Work request: Beginning at the line containing "Goosebumps Clown Fancy" in the material below and ending at the line containing "wallpapers - alpha sigma tau", return each line exactly and add nothing.

Input data:
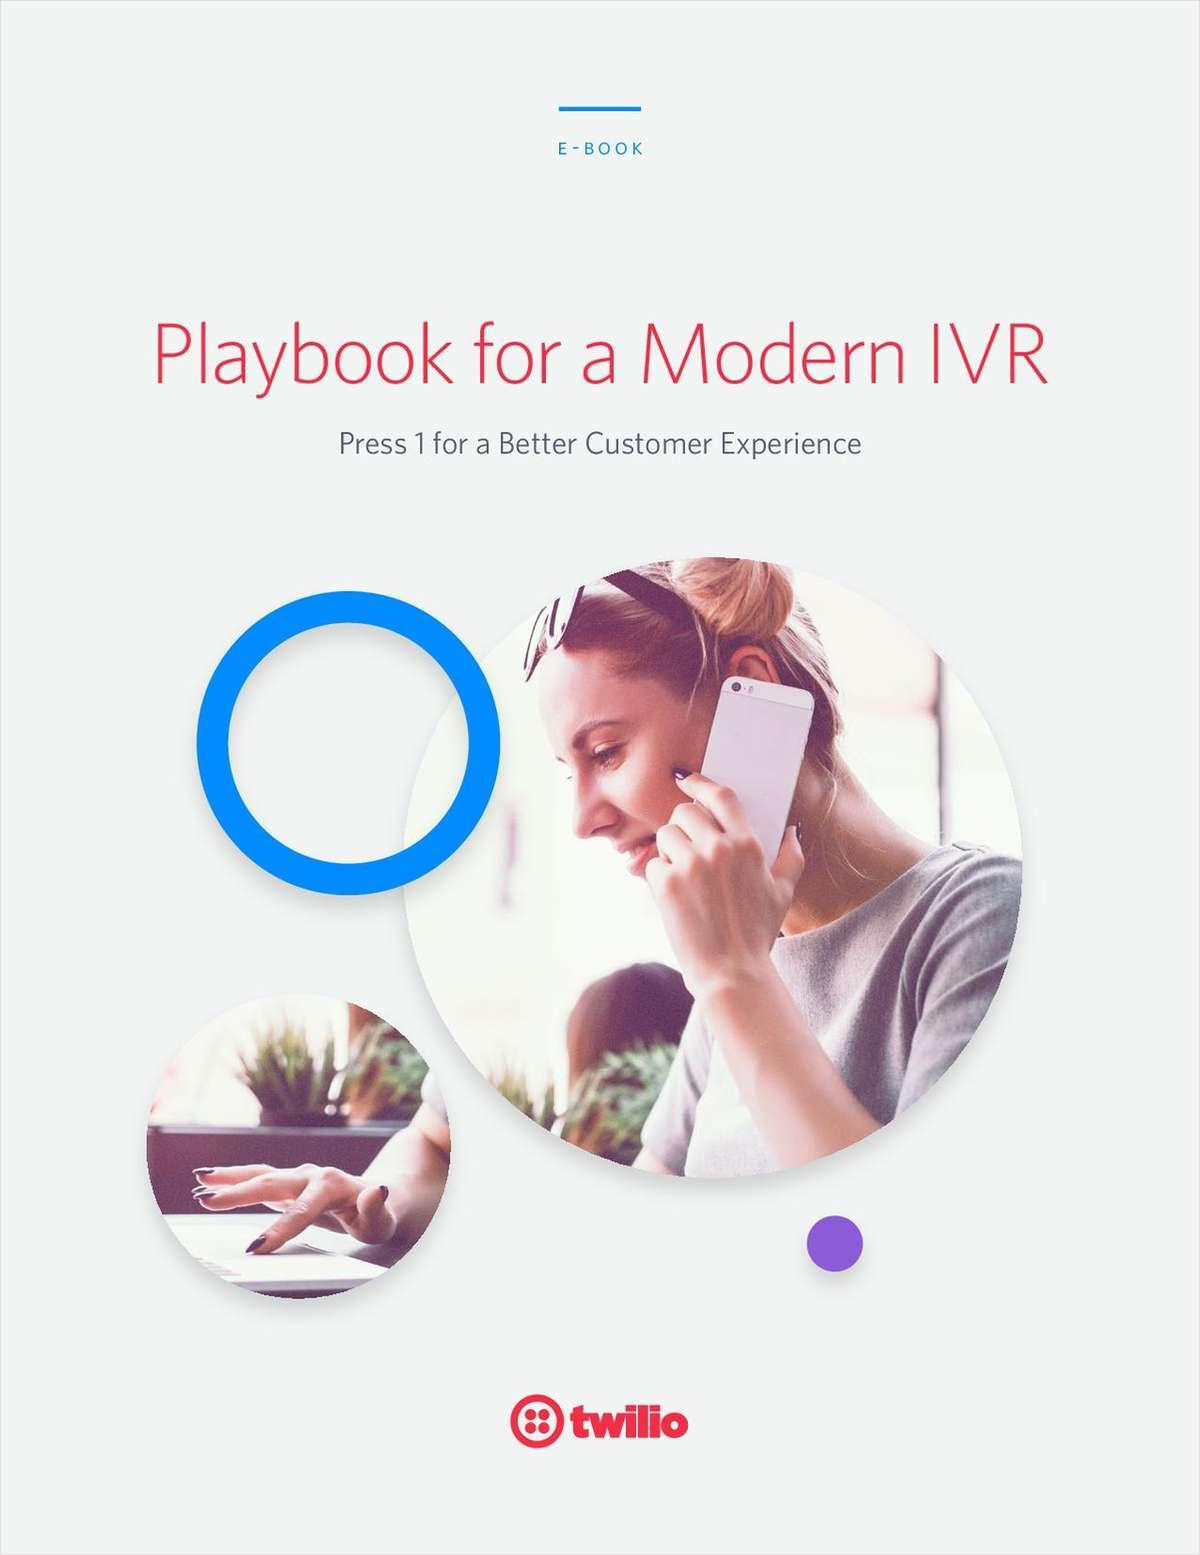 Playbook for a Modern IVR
---
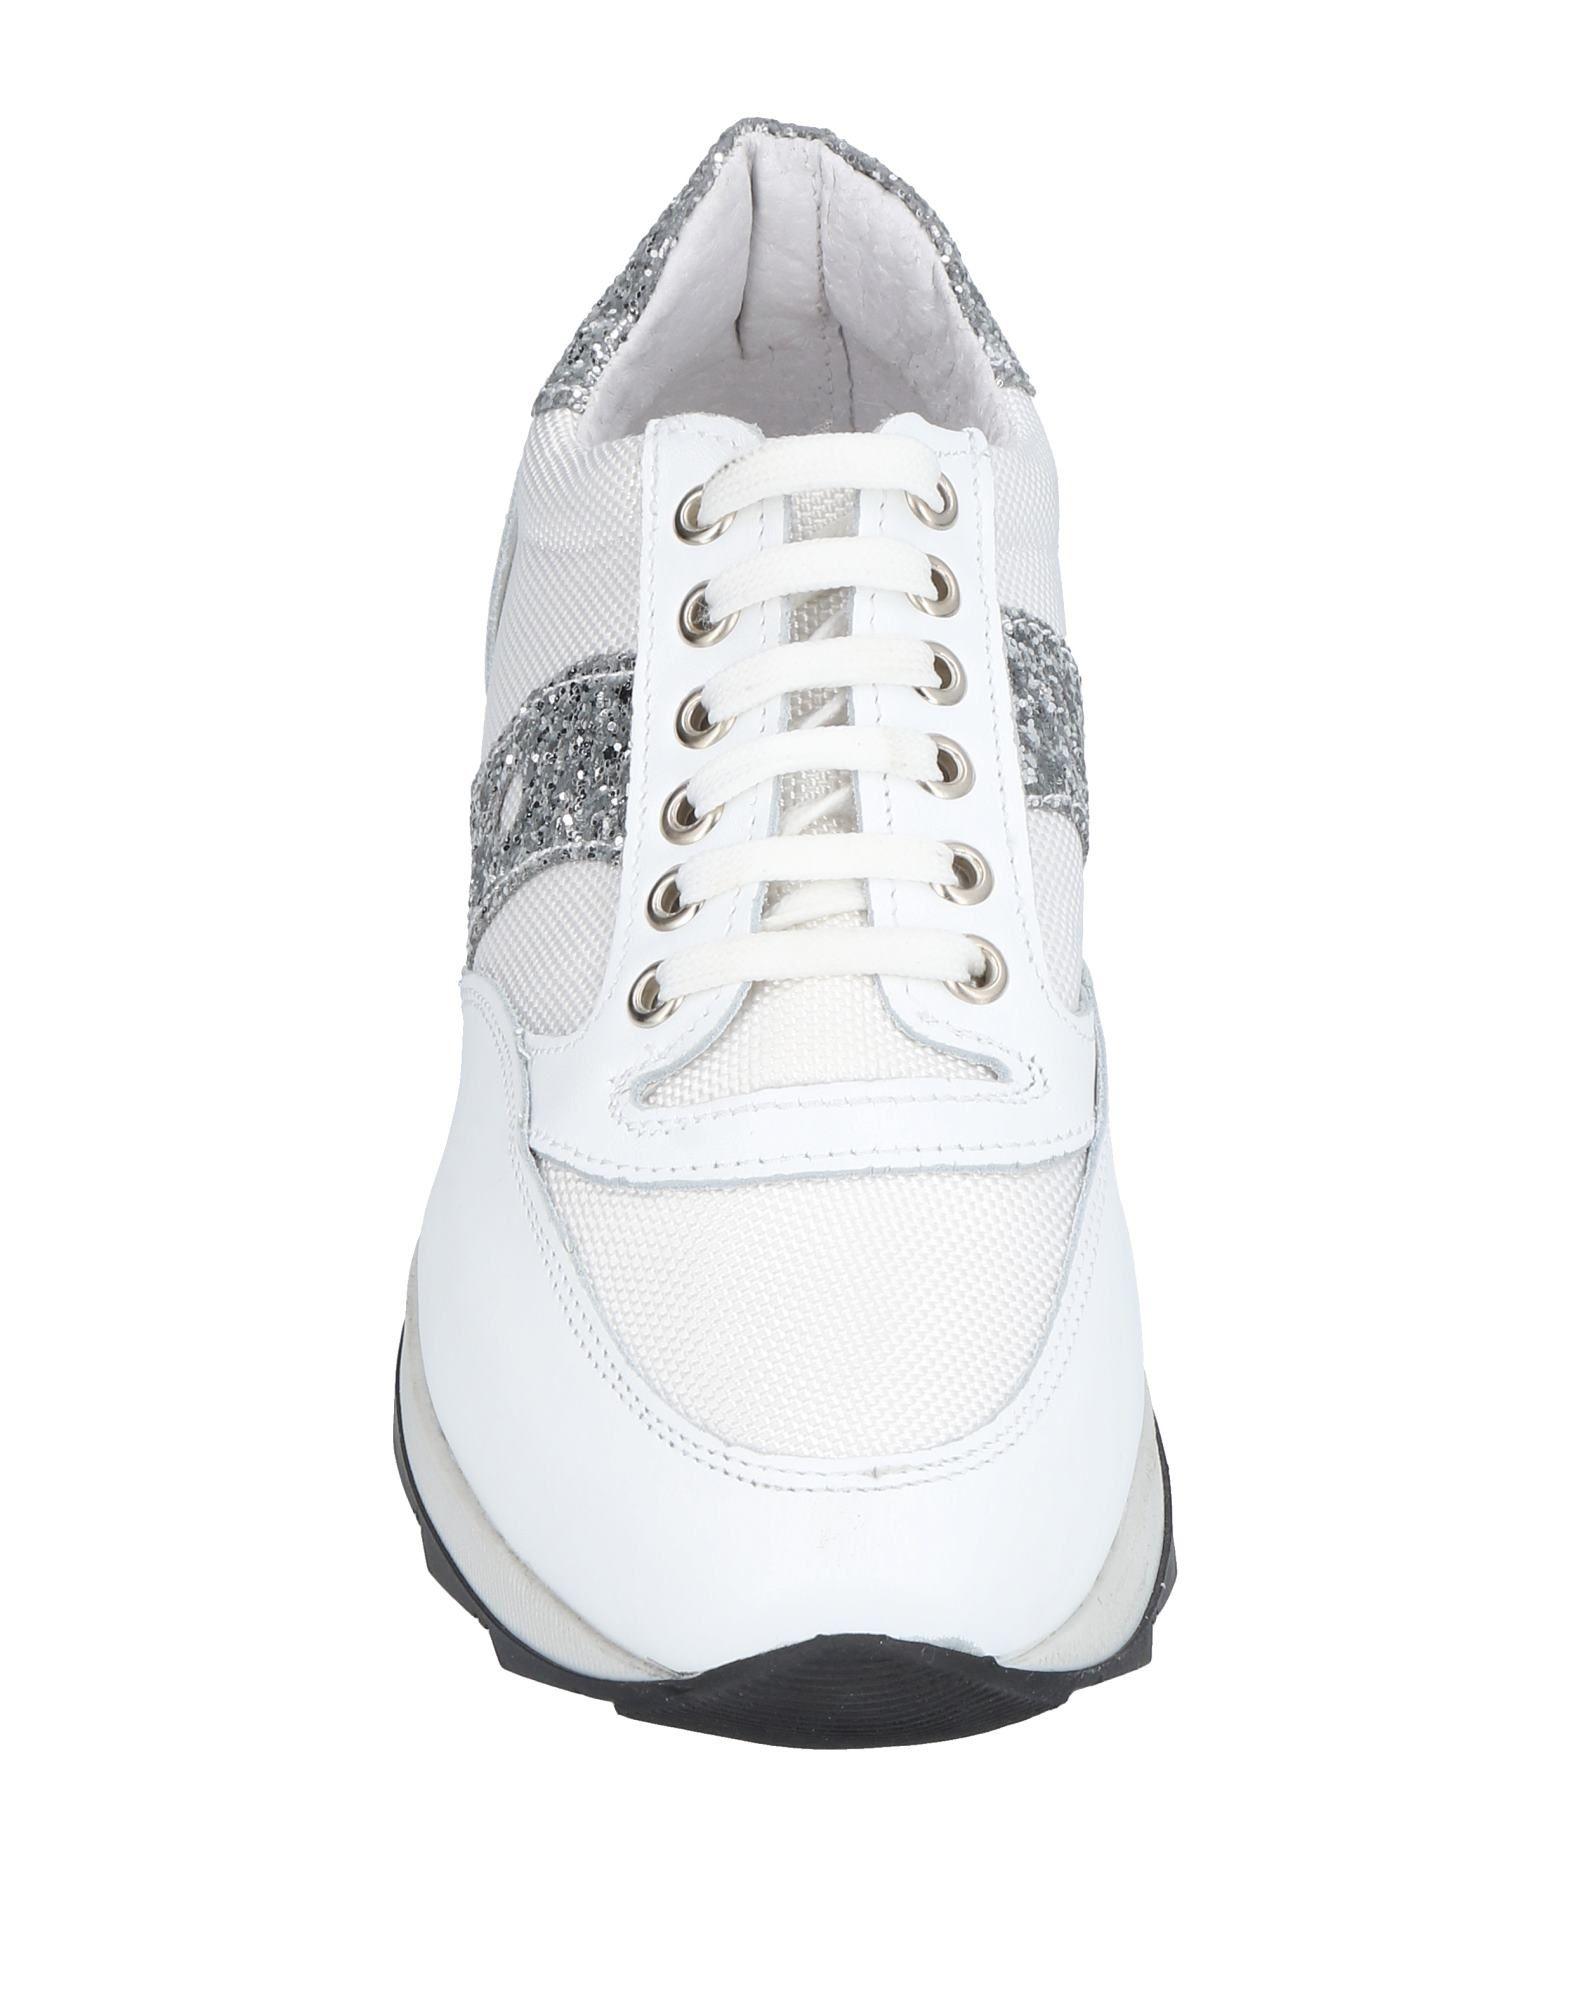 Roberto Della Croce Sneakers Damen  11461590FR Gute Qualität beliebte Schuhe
--
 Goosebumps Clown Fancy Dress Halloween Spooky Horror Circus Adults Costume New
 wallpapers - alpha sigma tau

Exercise solution:
 Goosebumps Clown Fancy Dress Halloween Spooky Horror Circus Adults Costume New
 wallpapers - alpha sigma tau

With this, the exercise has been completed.